Снова вглубь по темным переходам к пылающему в ней — к пылающему в каждом из людей — горнилу, вечному источнику душевных сил и психической энергии; безжалостной, безрассудной, алчной. Он чувствовал, как Мэри Нойес на цыпочках пробирается следом за ним. На этот раз он остановился поодаль.
— Привет, Барбара.
— Убирайся!
— Это же я, дух.
Его полоснуло ненавистью.
— Ты меня помнишь?
Ненависть перешла в смятение, потом прихлынула жаркая волна страсти.
— Линк, спасайся, пока не поздно. Затянет в омут, потом не вырвешься.
— Мне нужно кое-что найти.
— Что ты найдешь? Там только страсть и смерть, во всей своей неприкрытой примитивности.
— Я хочу узнать об ее отношениях с отцом. Почему он чувствовал себя виноватым перед ней?
— Делай как знаешь. Я ухожу.
Новая вспышка. Мэри убежала.
То отходя, то приближаясь, Пауэл двинулся в обход, настороженный и собранный, как электрик, который ищет среди нескольких оголенных проводов один — обесточенный. Где-то близко полыхнул разряд. Пауэл потянулся в ту сторону, отступил, оглушенный, и сразу почувствовал, как его облепил покров инстинкта самосохранения. Собравшись с духом, он погрузился в водоворот ее ассоциаций и начал их классифицировать. Вокруг бушевал такой хаос энергии, что Пауэлу не без усилия удалось оградить свое сознание от внешних воздействий.
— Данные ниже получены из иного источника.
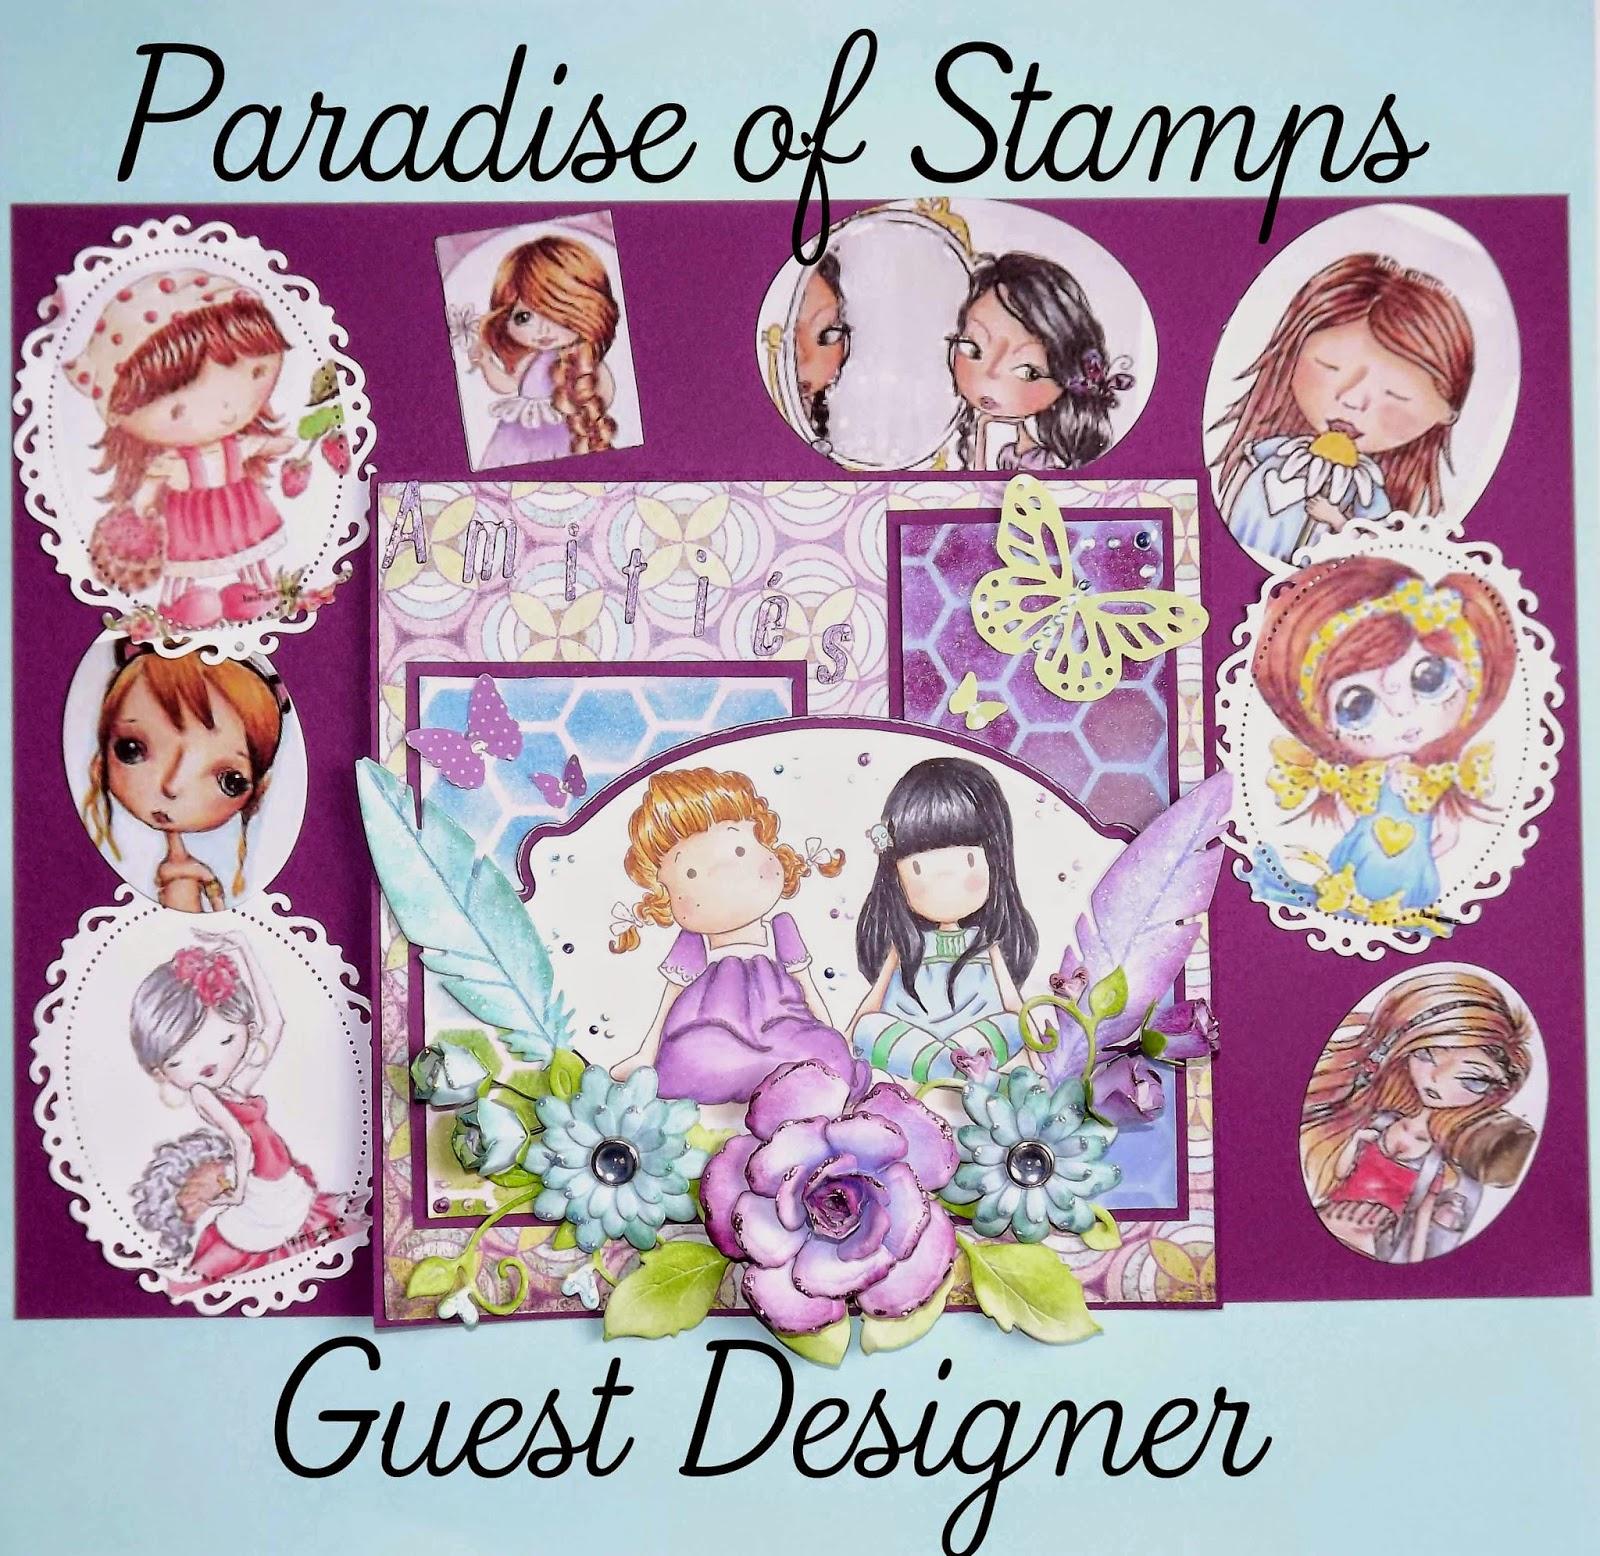 Guest Designer Fabruary 2016

Сигнализация соматических клеток — топливо всего этого котла. Реакции несметных биллионов клеток; их органические вопли; приглушенное гудение мышечных тонов; циркуляция крови и колебаний ее кислотности; все это пенилось и бурлило в неустойчивом равновесии, составлявшем душевный мир девушки. То тут, то там проскальзывали искаженные образы, полусимволы, незавершенные ассоциативные связи… Ионизированные атомы мысли.
Вот это вроде бы напоминает взрывной согласный звук… Пауэл проследил его до буквы «п»… и до сенсорной ассоциации с поцелуем, а дальше путем перекрестной связи перешел к сосательному рефлексу грудного младенца, к младенческим воспоминаниям о… матери? Нет, о кормилице. Сюда же вкраплено общение с родителями — отрицательная величина. Мать со знаком минус. Пауэла чуть не опалила вспышка детской обиды и гнева (комплекс заброшенности), но ему удалось уклониться. Снова подобрав «п», он подыскал соотносящееся с ним «па», потом «папа» и в конце концов «отец».
Неожиданно он оказался лицом к лицу с самим собой.
Уставившись на этот образ, Пауэл только ценою огромных усилий сумел удержаться на грани вменяемости.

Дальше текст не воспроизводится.